Learn R Programming

vegan (version 2.6-6.1)

simper: Similarity Percentages

Description

Discriminating species between two groups using Bray-Curtis dissimilarities

Usage

simper(comm, group, permutations = 999, parallel = 1, ...)
# S3 method for simper
summary(object, ordered = TRUE,
    digits = max(3,getOption("digits") - 3), ...)

Value

A list of class "simper" with following items:

species

The species names.

average

Species contribution to average between-group dissimilarity.

overall

The average between-group dissimilarity. This is the sum of the item average.

sd

Standard deviation of contribution.

ratio

Average to sd ratio.

ava, avb

Average abundances per group.

ord

An index vector to order vectors by their contribution or order cusum back to the original data order.

cusum

Ordered cumulative contribution. These are based on item average, but they sum up to total 1.

p

Permutation \(p\)-value. Probability of getting a larger or equal average contribution in random permutation of the group factor. These area only available if permutations were used (default: not calculated).

Arguments

comm

Community data.

group

Factor describing the group structure. If this is missing or has only one level, contributions are estimated for non-grouped data and dissimilarities only show the overall heterogeneity in species abundances.

permutations

a list of control values for the permutations as returned by the function how, or the number of permutations required, or a permutation matrix where each row gives the permuted indices.

object

an object returned by simper.

ordered

Logical; Should the species be ordered by their average contribution?

digits

Number of digits in output.

parallel

Number of parallel processes or a predefined socket cluster. With parallel = 1 uses ordinary, non-parallel processing. (Not yet implemented).

...

Parameters passed to other functions. In simper the extra parameters are passed to shuffleSet if permutations are used.

Author

Eduard Szöcs and Jari Oksanen.

Details

Similarity percentage, simper (Clarke 1993) is based on the decomposition of Bray-Curtis dissimilarity index (see vegdist, designdist). The contribution of individual species \(i\) to the overall Bray-Curtis dissimilarity \(d_{jk}\) is given by

$$d_{ijk} = \frac{|x_{ij}-x_{ik}|}{\sum_{i=1}^S (x_{ij}+x_{ik})}$$

where \(x\) is the abundance of species \(i\) in sampling units \(j\) and \(k\). The overall index is the sum of the individual contributions over all \(S\) species \(d_{jk}=\sum_{i=1}^S d_{ijk}\).

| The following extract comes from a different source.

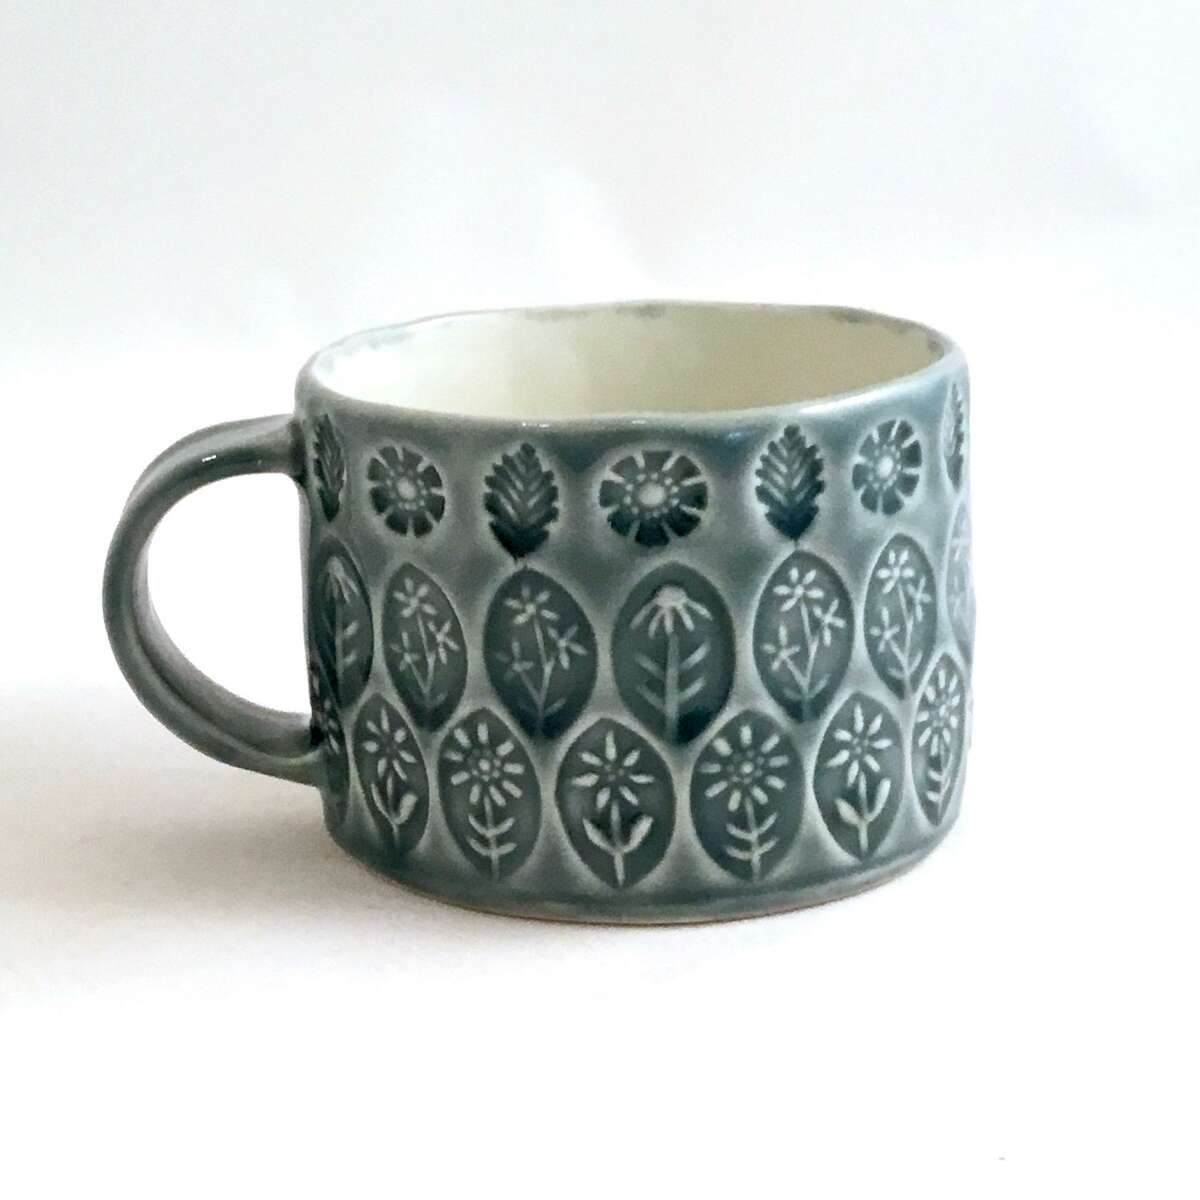 "That certain shadow of Christmas" the exhibition and sale begin Thanksgiving weekend at the Washington Art Association in Washington Depot, CT.  Pictured is a ceramic mug by Missy Stevens.
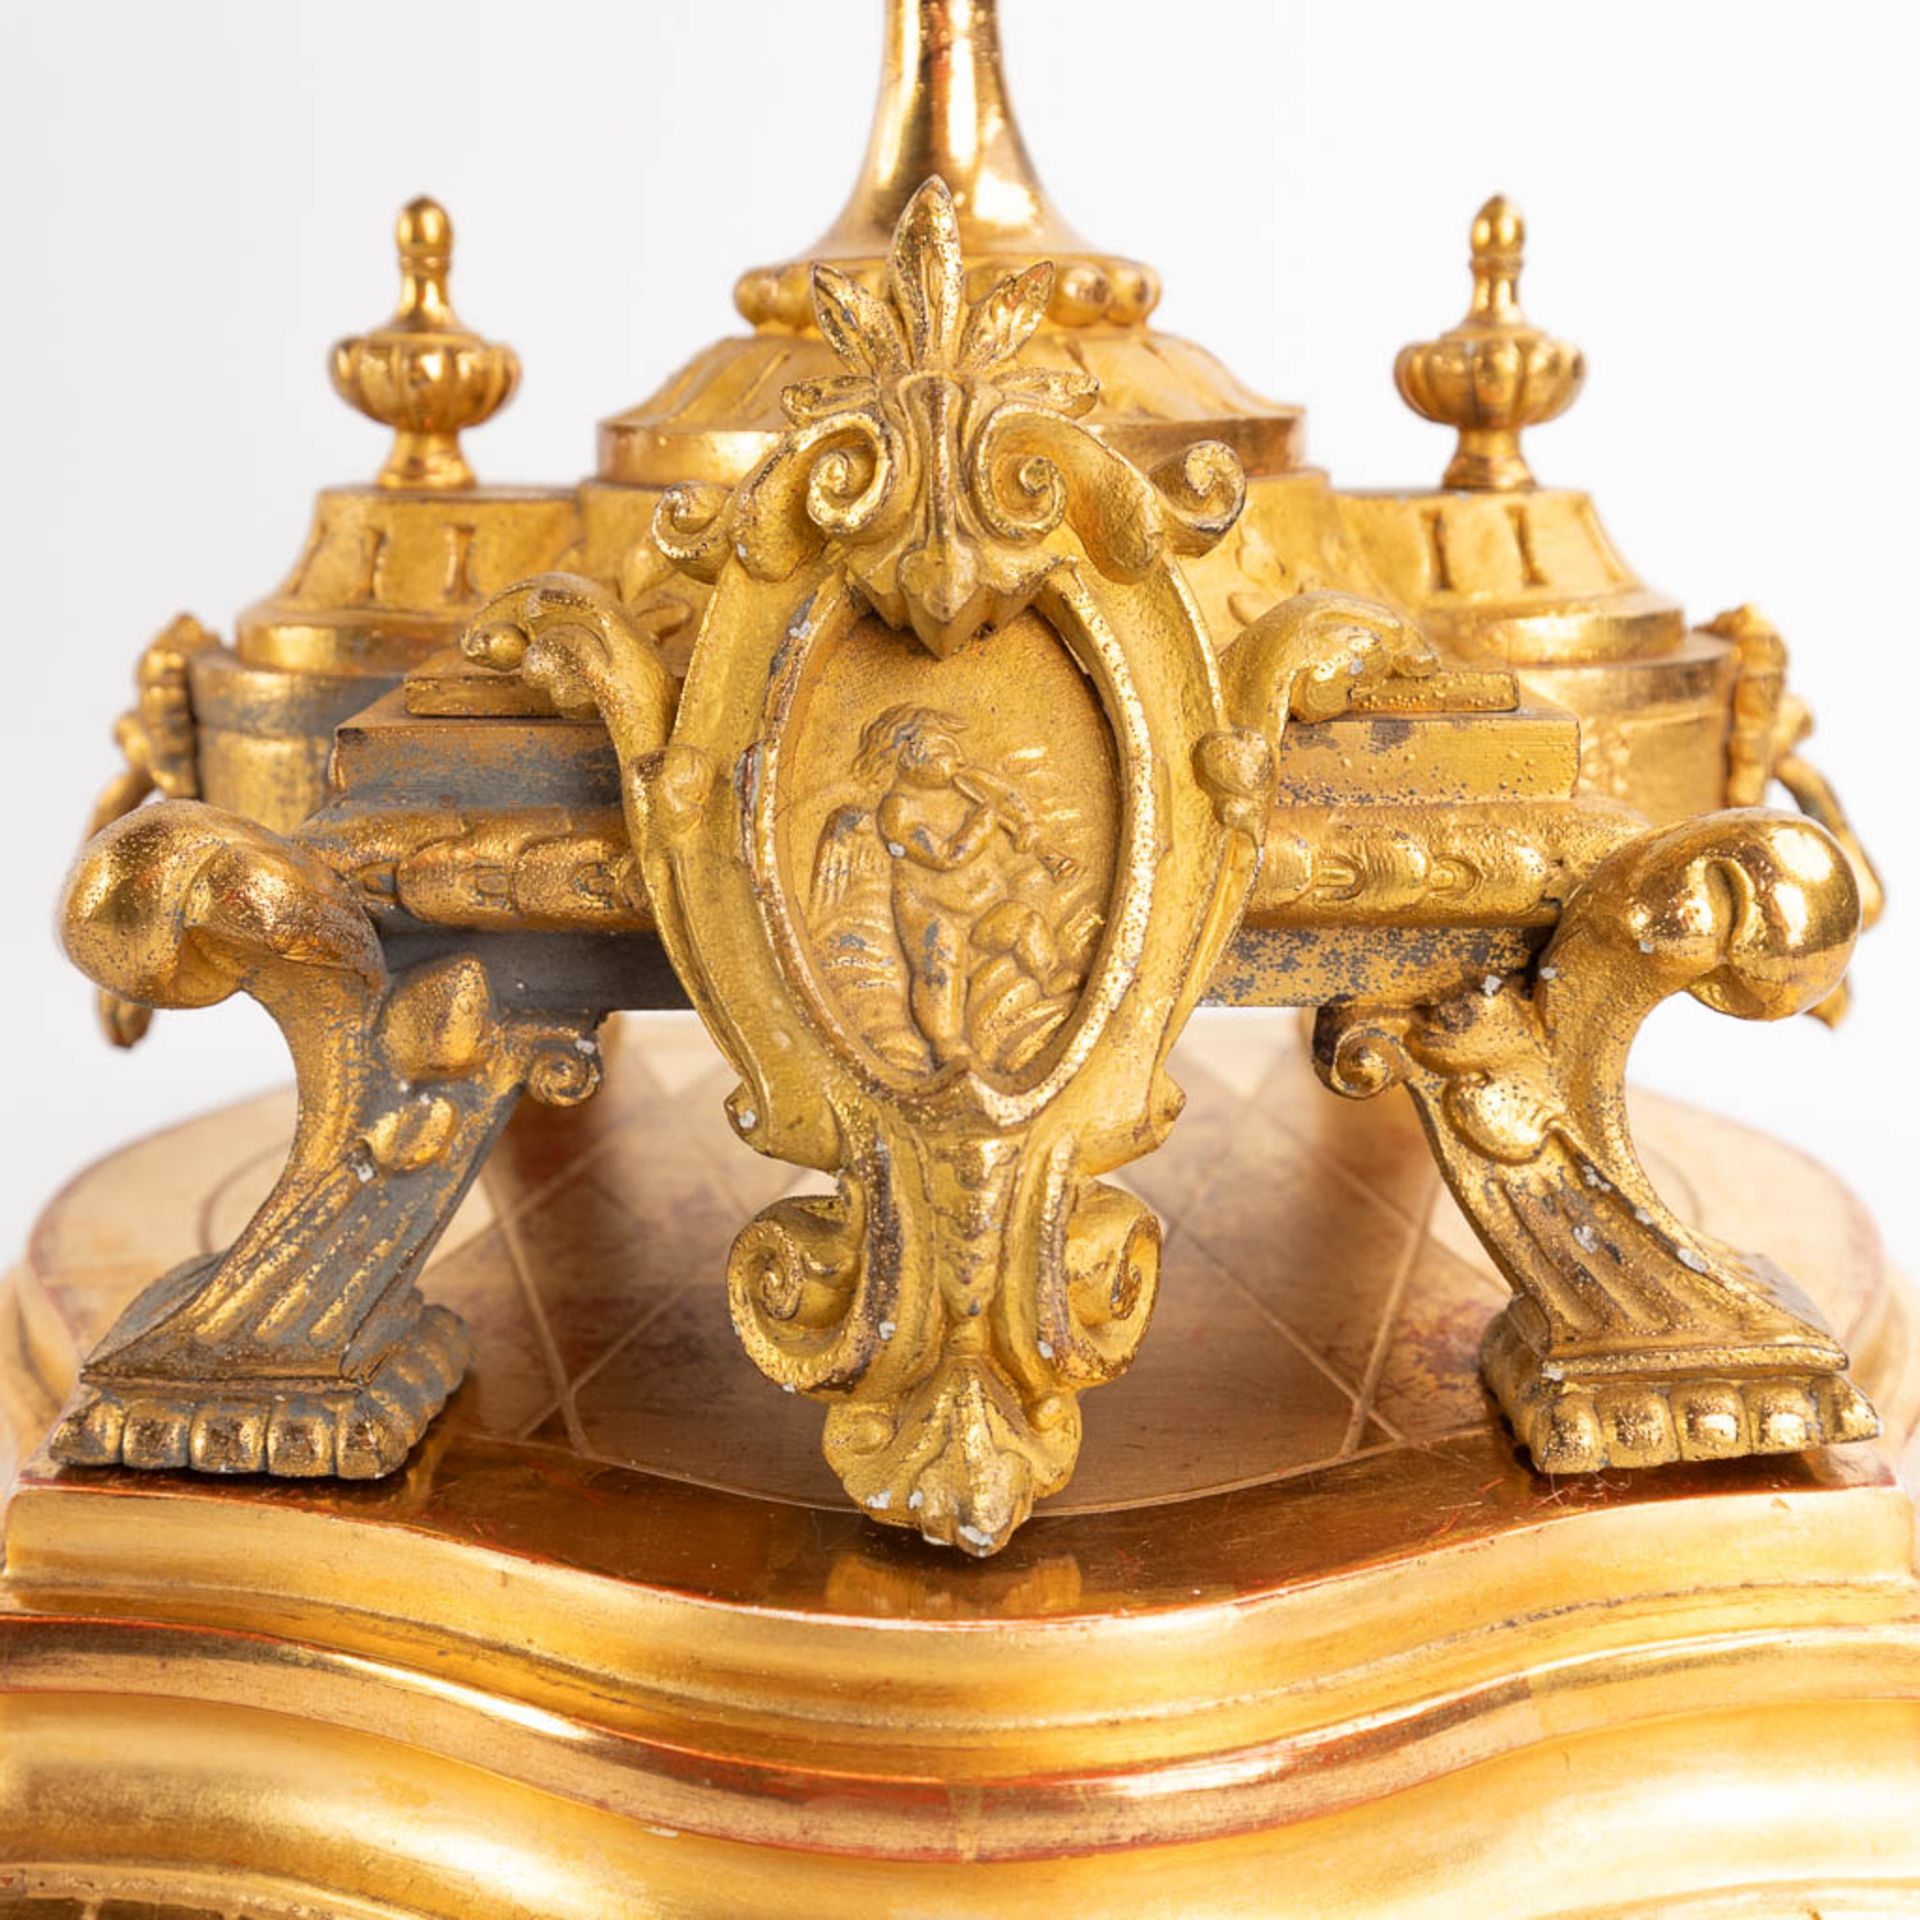 A three-piece mantle garniture clock and candelabra, gilt spelter, decorated with putti. Circa 1900. - Image 12 of 19

The simper functions performs pairwise comparisons of groups of sampling units and finds the contribution of each species to the average between-group Bray-Curtis dissimilarity. Although the method is called “Similarity Percentages”, it really studied dissimilarities instead of similarities (Clarke 1993).

The function displays most important species for each pair of groups. These species contribute at least to 70 % of the differences between groups. The function returns much more extensive results (including all species) which can be accessed directly from the result object (see section Value). Function summary transforms the result to a list of data frames. With argument ordered = TRUE the data frames also include the cumulative contributions and are ordered by species contribution.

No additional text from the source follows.